| EXERCISE INPUT |
- - - - -
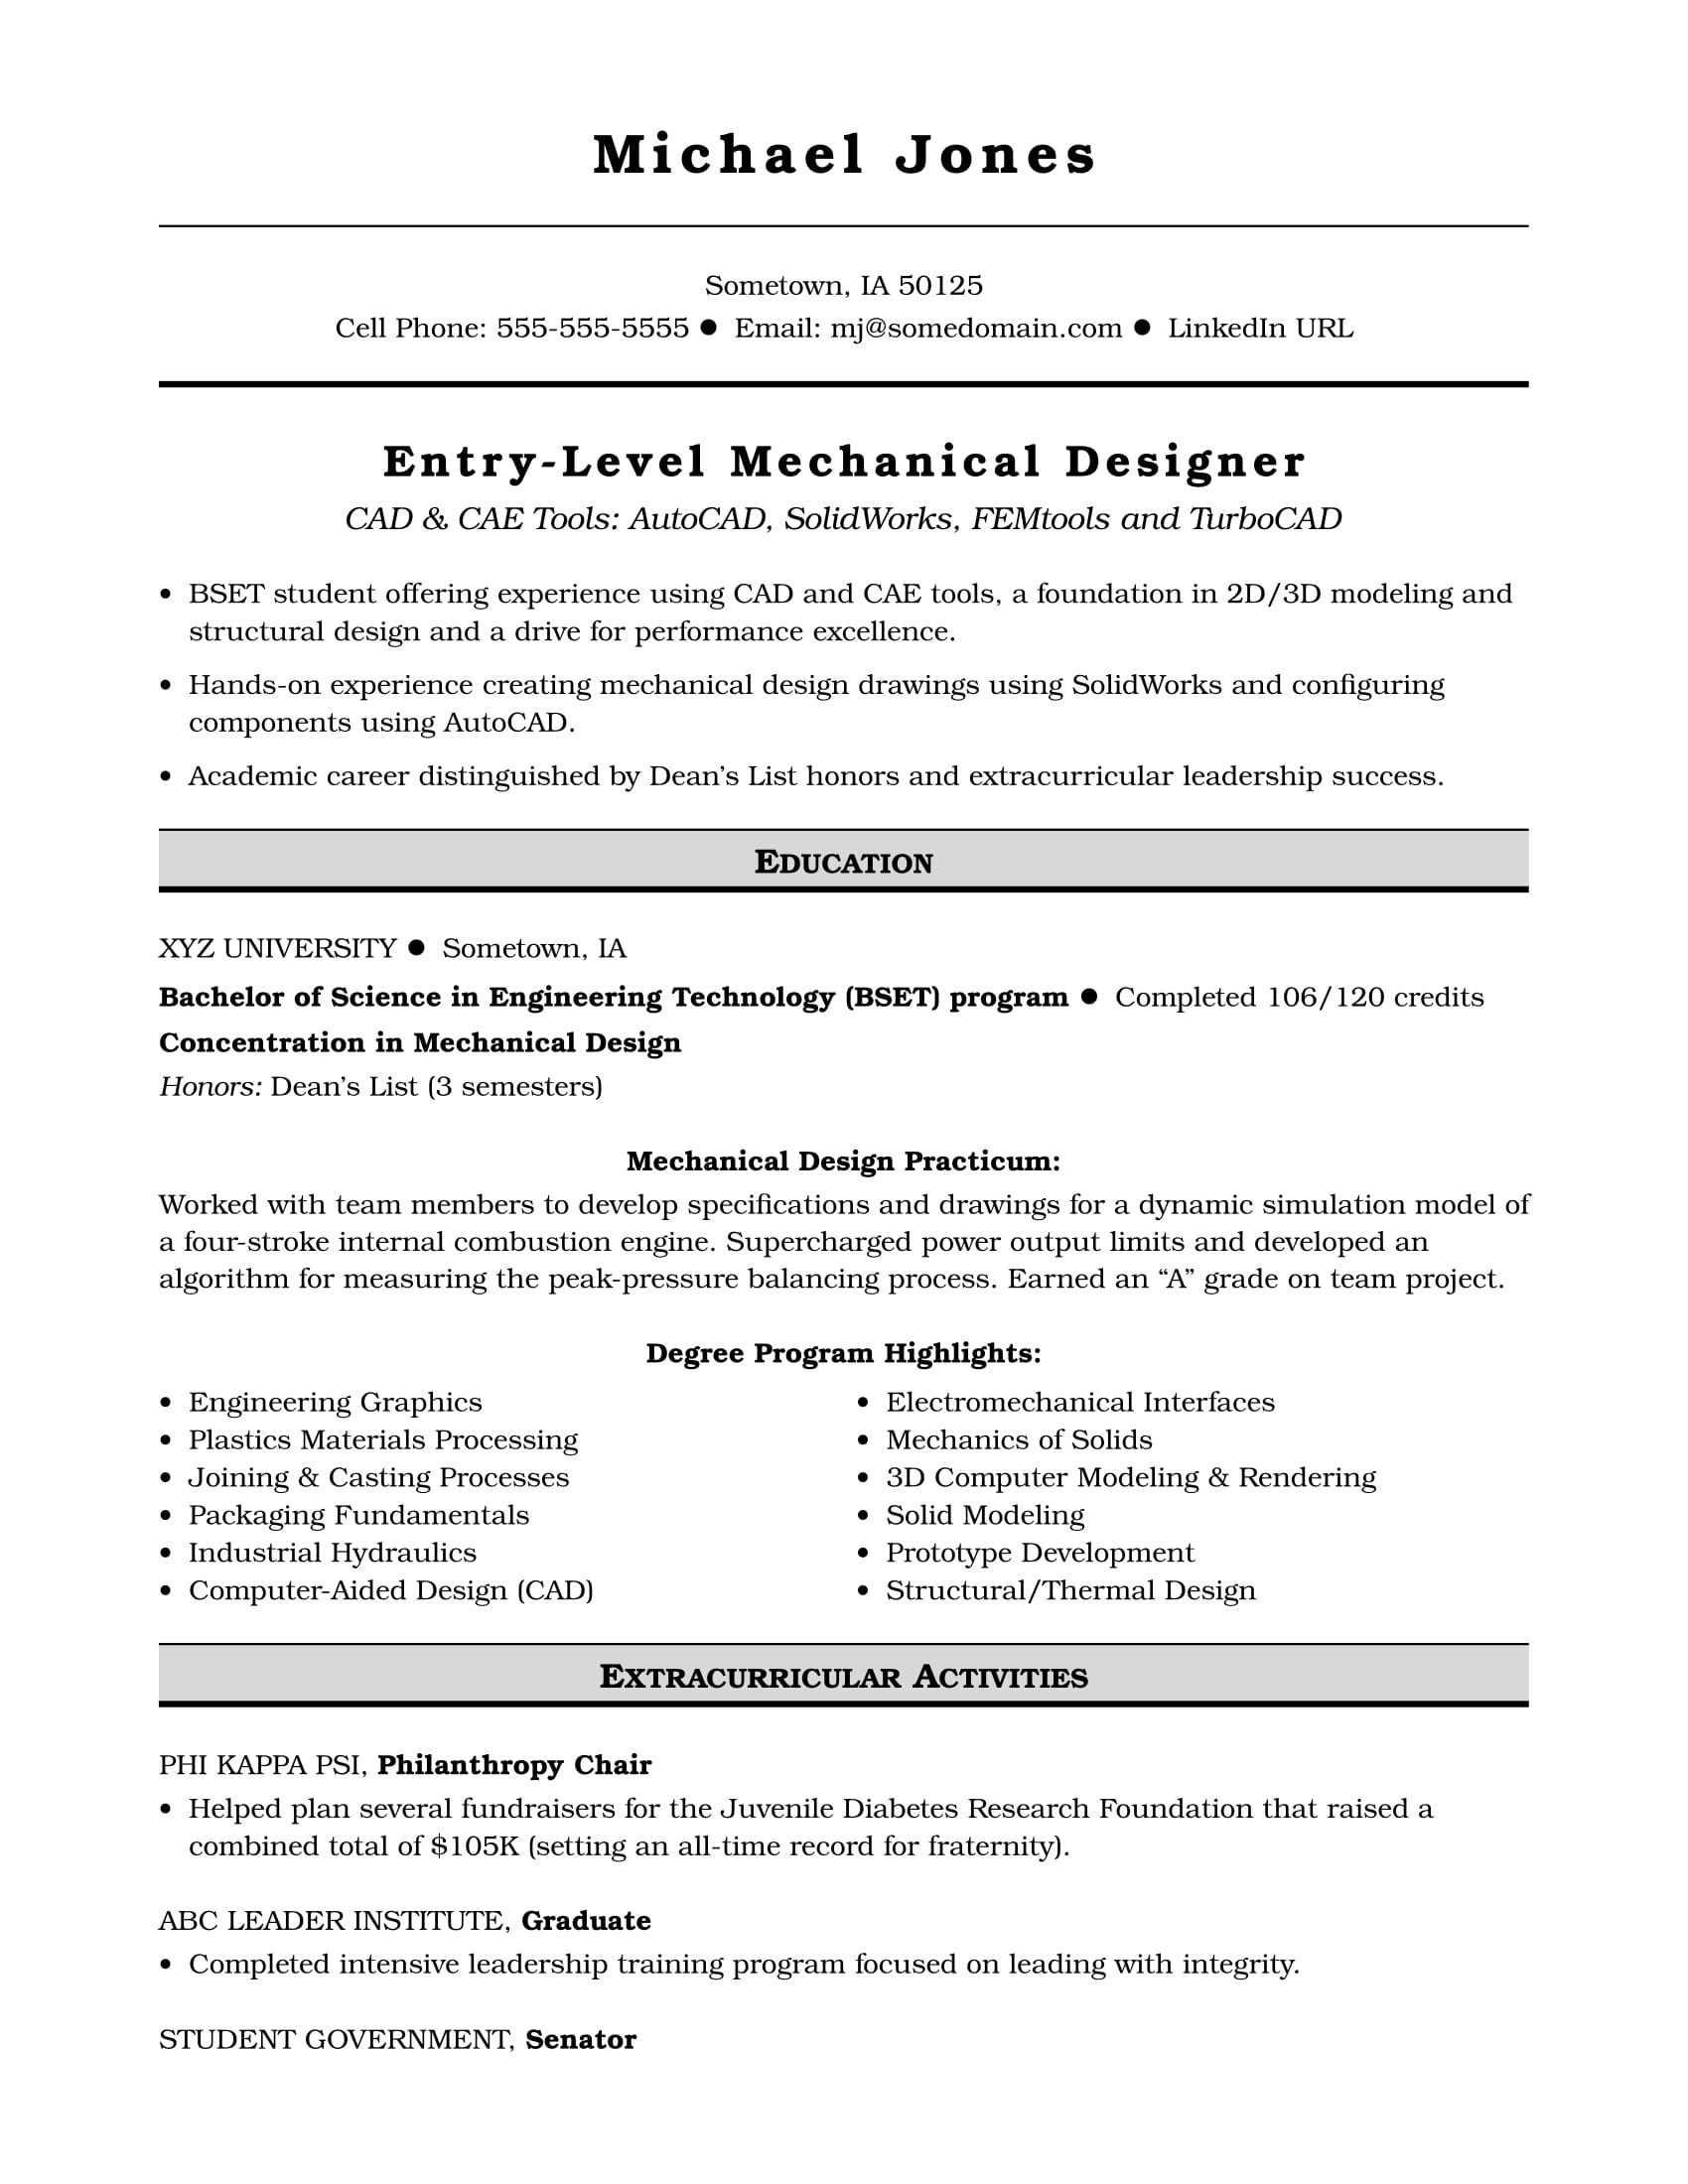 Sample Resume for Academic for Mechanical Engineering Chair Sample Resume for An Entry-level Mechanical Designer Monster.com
- - - - -
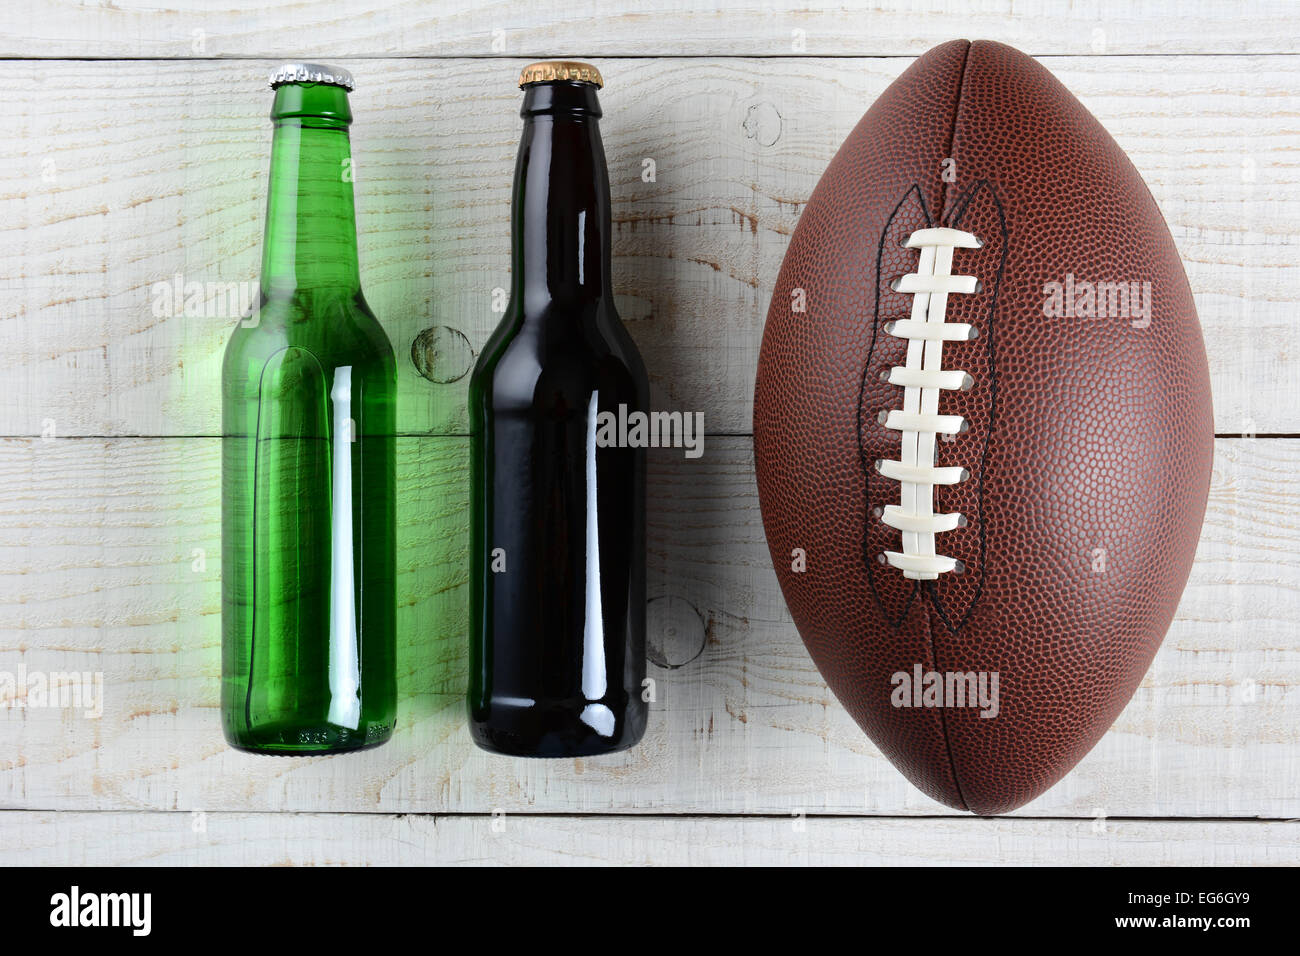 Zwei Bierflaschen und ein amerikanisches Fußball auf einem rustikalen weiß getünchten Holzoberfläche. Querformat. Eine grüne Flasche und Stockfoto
- - - - -
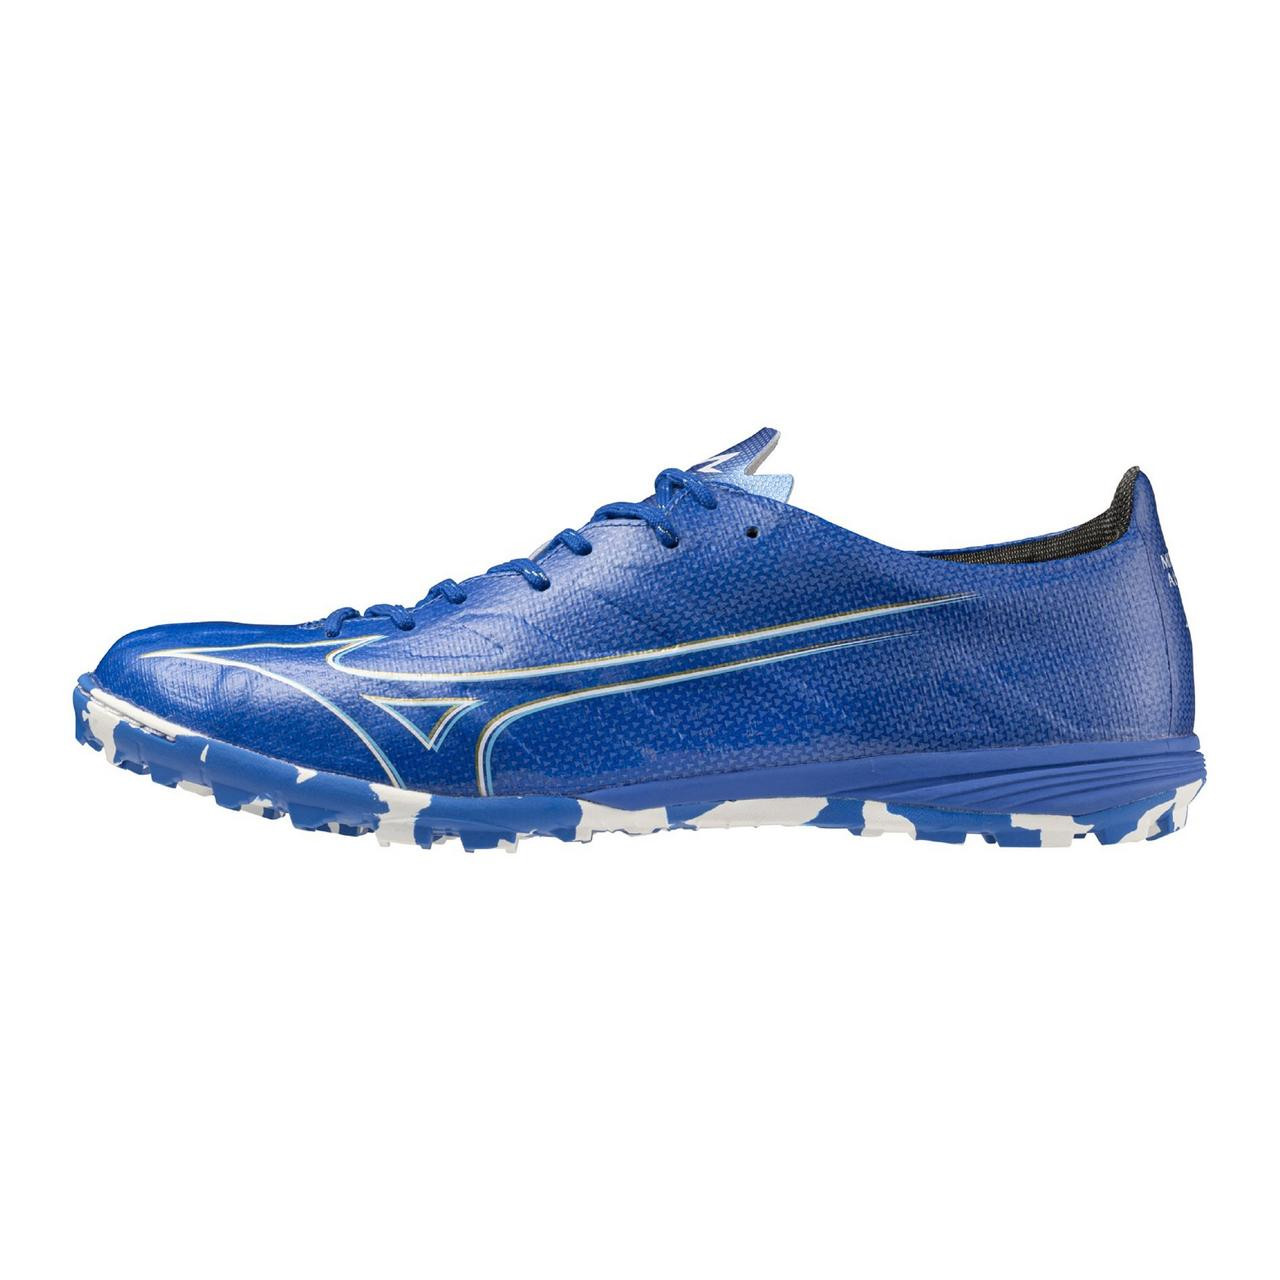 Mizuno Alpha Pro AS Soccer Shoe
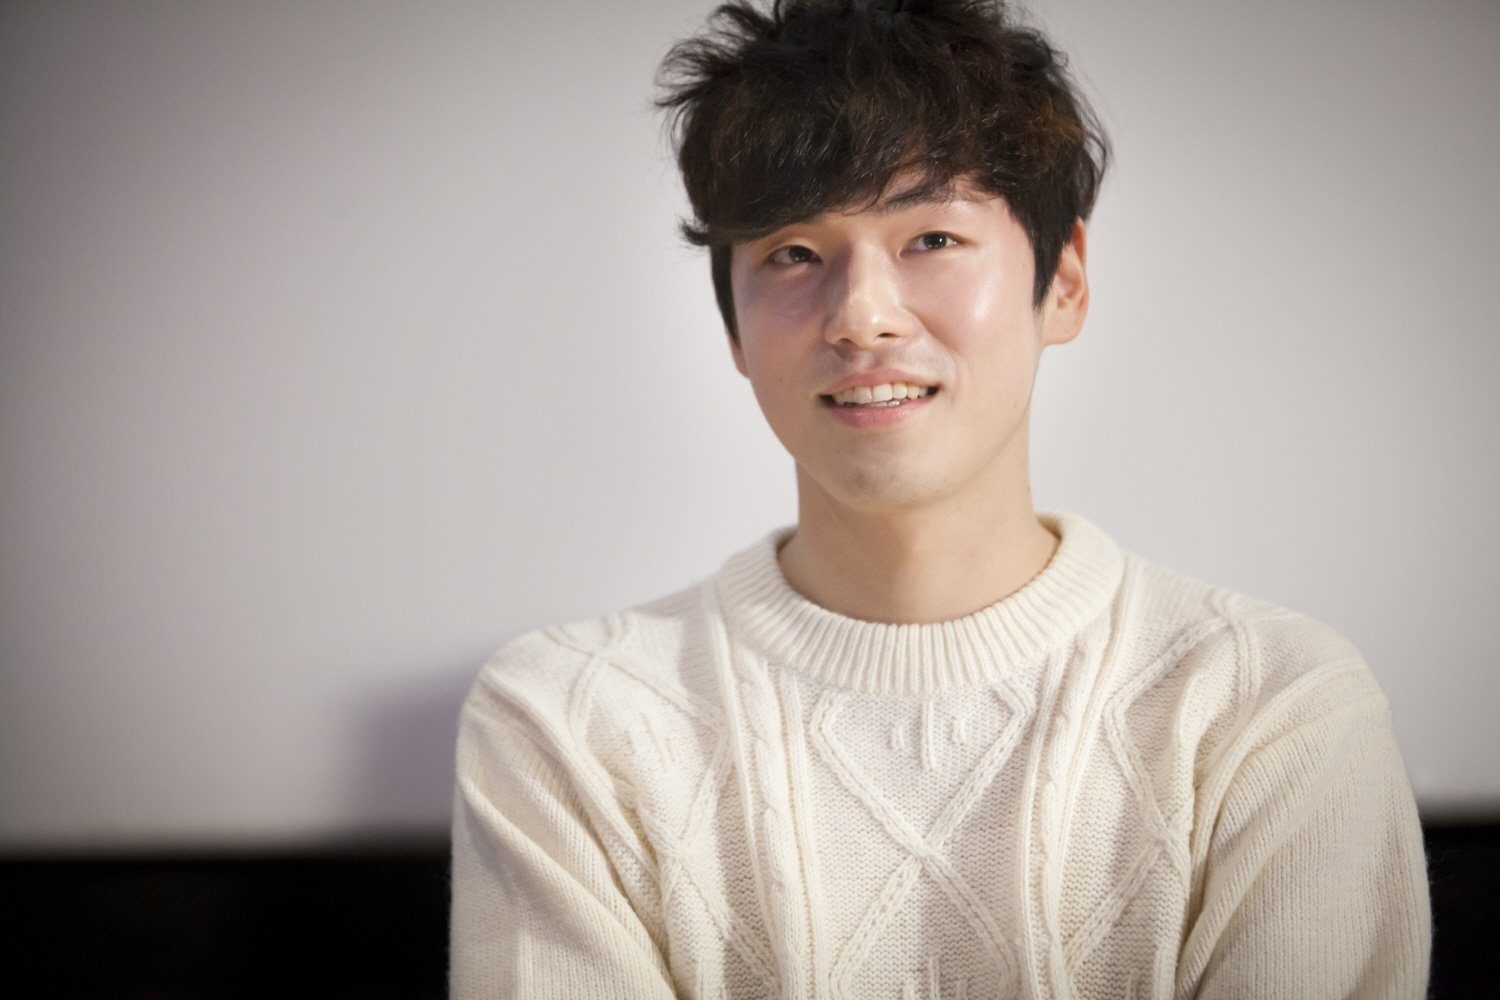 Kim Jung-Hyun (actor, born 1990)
- - - - -
| TASK ITEM |
Output only the lines above from the line that holds "Mizuno Alpha Pro AS Soccer Shoe" through the line that holds "Kim Jung-Hyun (actor, born 1990)", both ends included, and exclude pictures.

| RESPONSE FOR THIS EXERCISE |
 Mizuno Alpha Pro AS Soccer Shoe
 Kim Jung-Hyun (actor, born 1990)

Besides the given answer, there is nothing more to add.